On the wall was a mural showing a sad mutt destined for banishment to the doghouse, and a confusing tangle of paths with signs pointing the way to doom. “Blondes,” “Brunettes,” “Redheads,” and “Private Secretaries” were hazards along the inevitable road to ruin. In the bar, Dick Dickerson tickled the ivories in a scene that recalled a "Saturday Night Live" lounge skit. In the foyer, a pinball machine rattled on, even in the age of video games. The clientele seemed largely made up of downtown dwellers in an era when no one really chose to live downtown. Denizens appeared to be rejects from the cast of Glengarry Glen Ross: “Third prize is you’re fired.” Go straight to the Dog House.

The Dog House is no more. It closed in 1994, in part because much of its aging clientele had died. A spinoff called the Puppy Club lived for a short time, and the old Dog House was replaced by a place called the Hurricane Cafe, but I’ve never stepped inside, preferring to remember it as it was. I’m happy the Dog House was euthanized instead of being turned into a hipster haven, or, worse, gentrified into ironic respectability. Of course, gentrification at the Dog House would have been as simple as a smoking ban and reliably clean forks.

It was a sad day when it died, and it took away the best cheap date for newcomers to get a memorable glimpse of something uniquely ours that would never show up in glittering Emerald City brochures. Its appeal, really, was that it was a kind of anti-Seattle, pre-Microsoft, pre-Starbucks. If the Dog House embodied a kind of Northwest loser sensibility, it embraced all who entered with an old-shoe egalitarianism.

I recently exchanged Facebook messages with a guy I took to the Dog House for his first Seattle meal back in the ’80s. He remembers it still and even went back, which could be risky. “I once pooped a bowl of Dog House chili all the way to China,” he said. He has me to thank for those Pacific Rim memories.
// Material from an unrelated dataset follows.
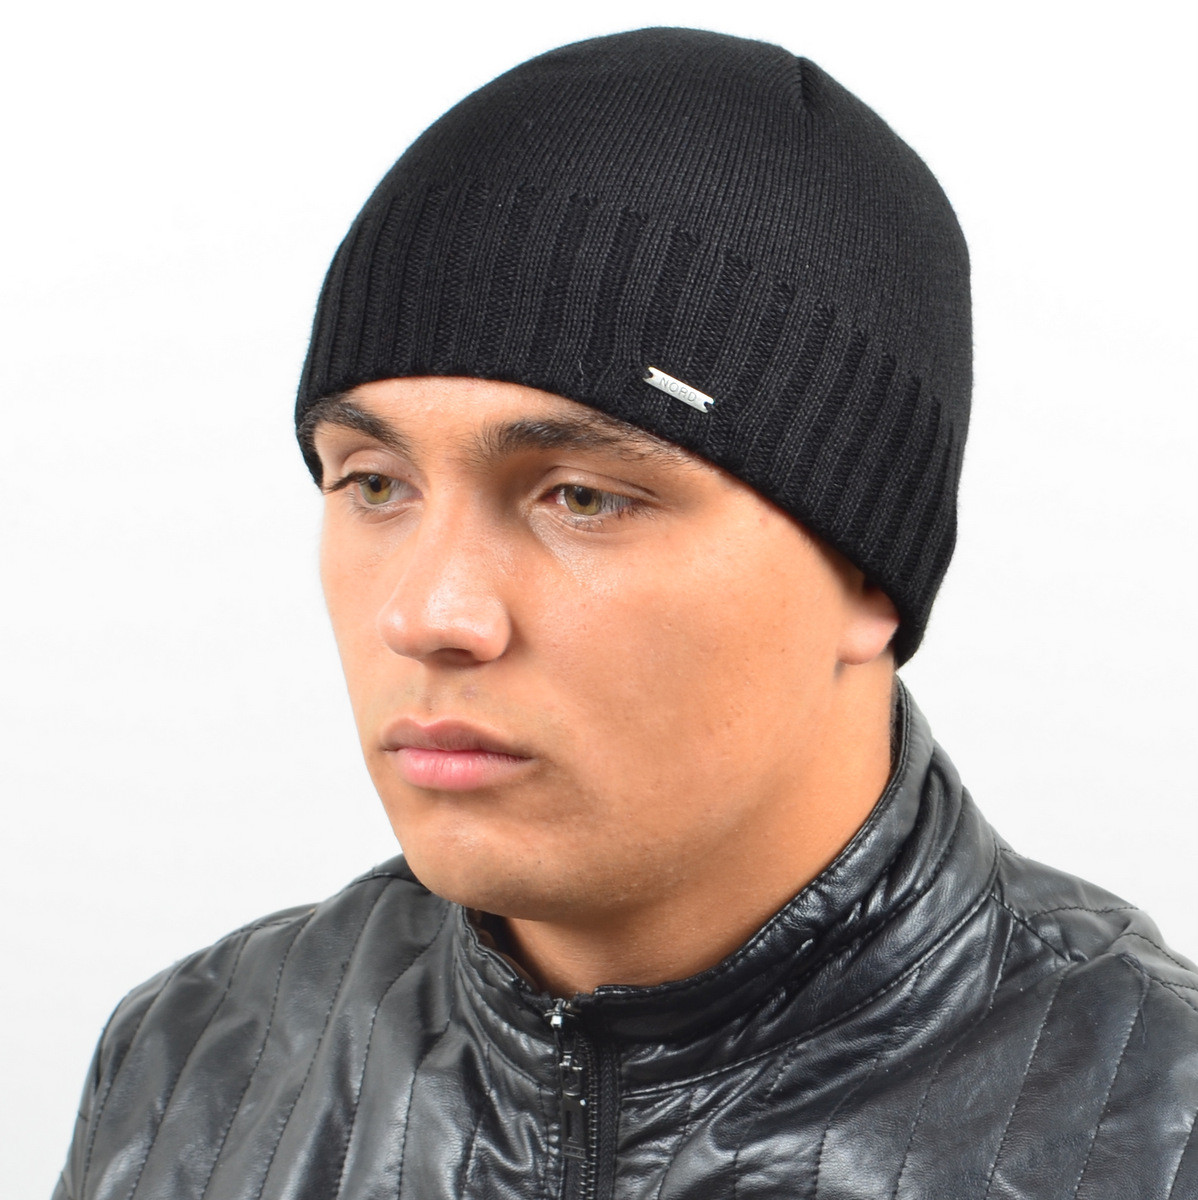 Мужская вязанная шапка NORD черный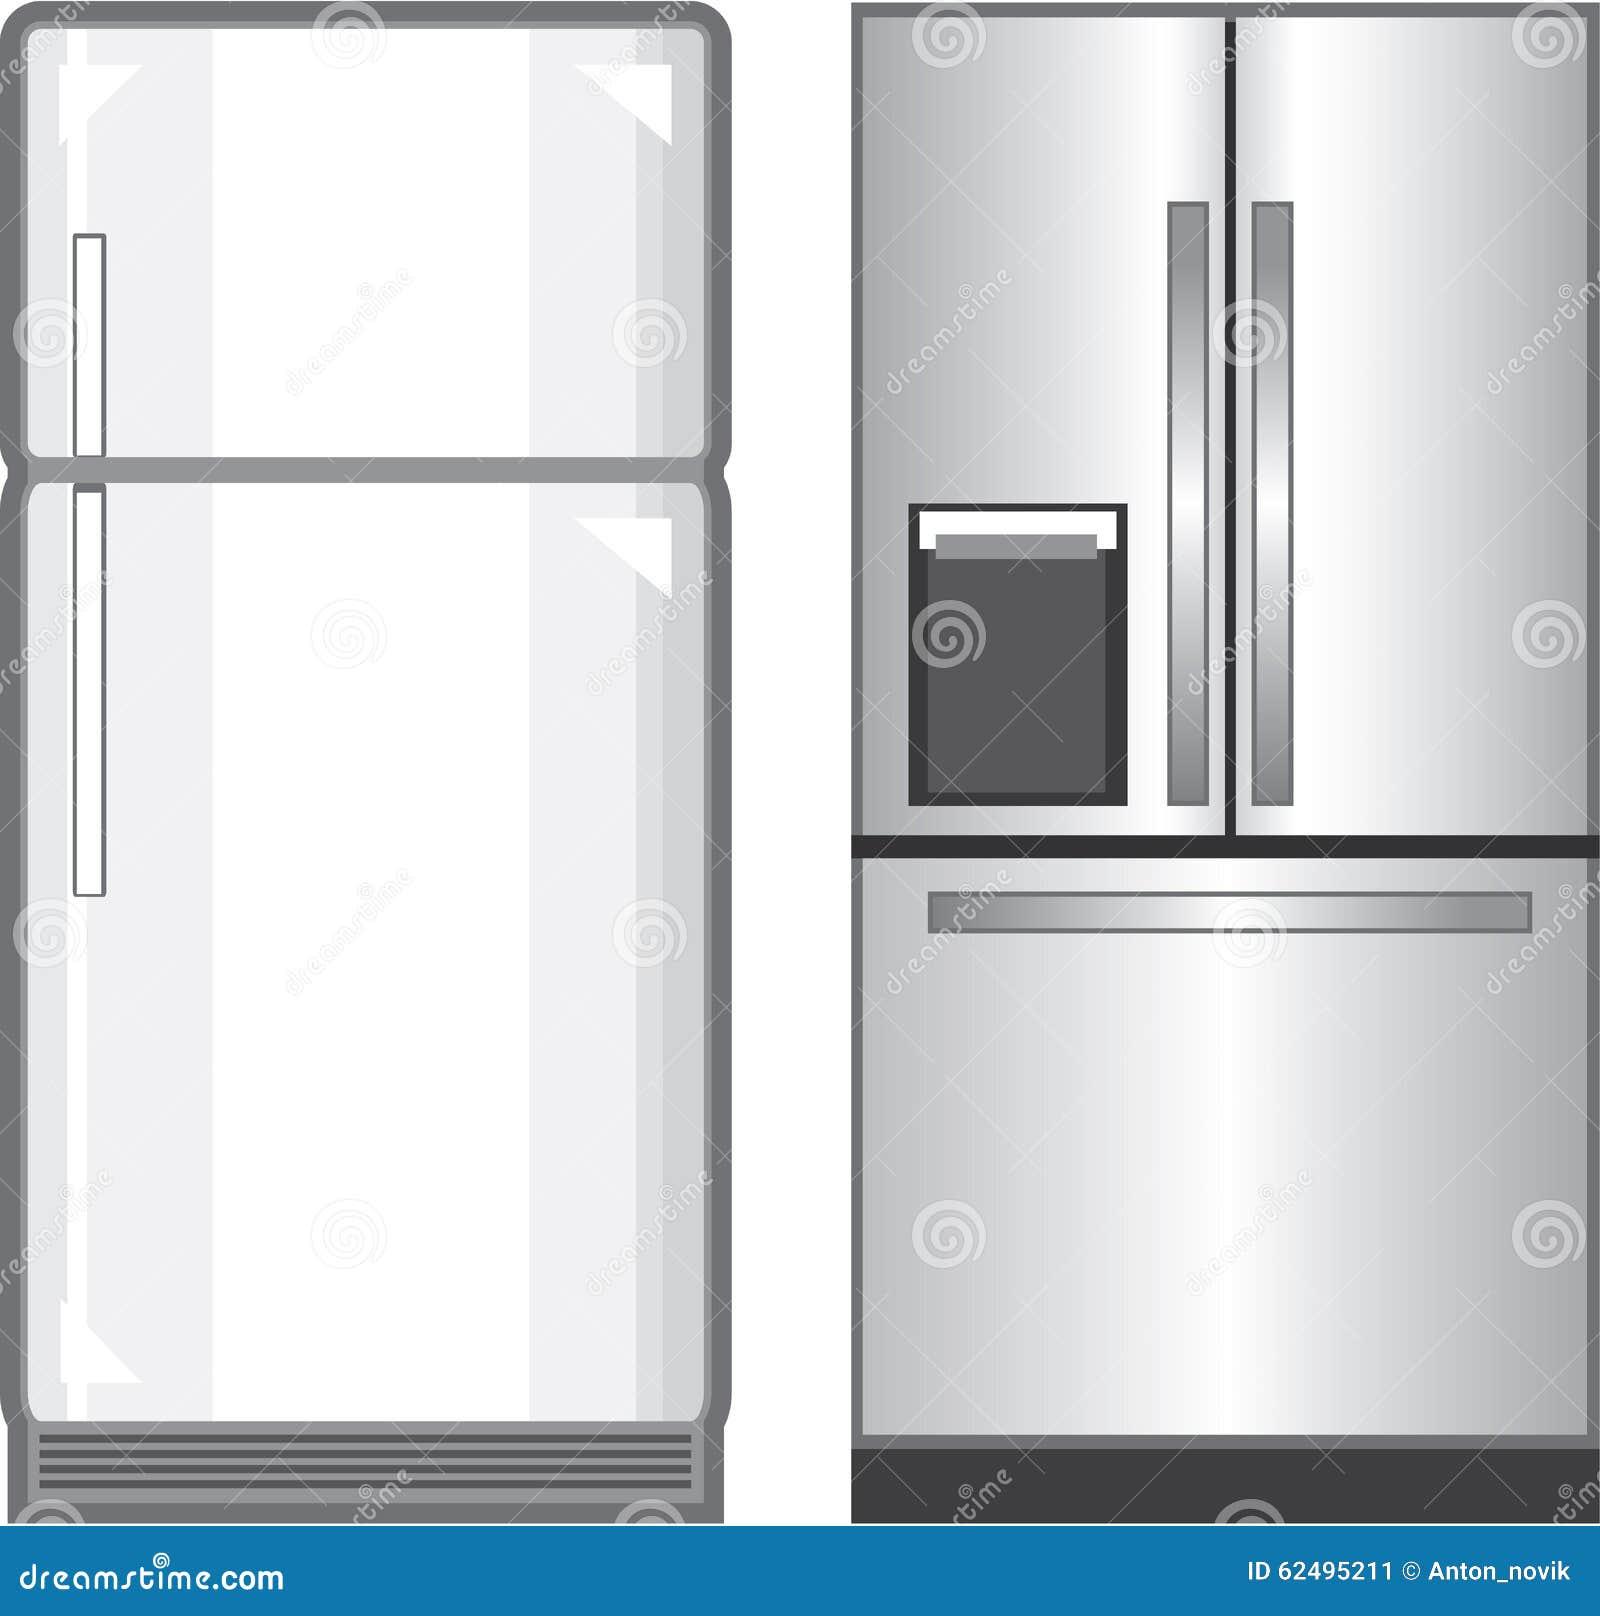 Messy Fridge: Messy Refrigerator Clip Art

Today, the Dog House exists in the ivory tower. One of its menus is in the collection at the University of Washington, where it might help someone get a graduate degree. I recently read an academic paper about food at world’s fairs that described national menus as “hegemonic gastronomic enculturation,” which means asserting your identity through national or regional dishes. I liked to “enculturate” visitors by taking them to where un-hip Seattle experienced the “hegemony” of questionable chili served in a Marlboro haze. Somehow, it seemed important for people to know we aren’t all fresh salmon and fresh air.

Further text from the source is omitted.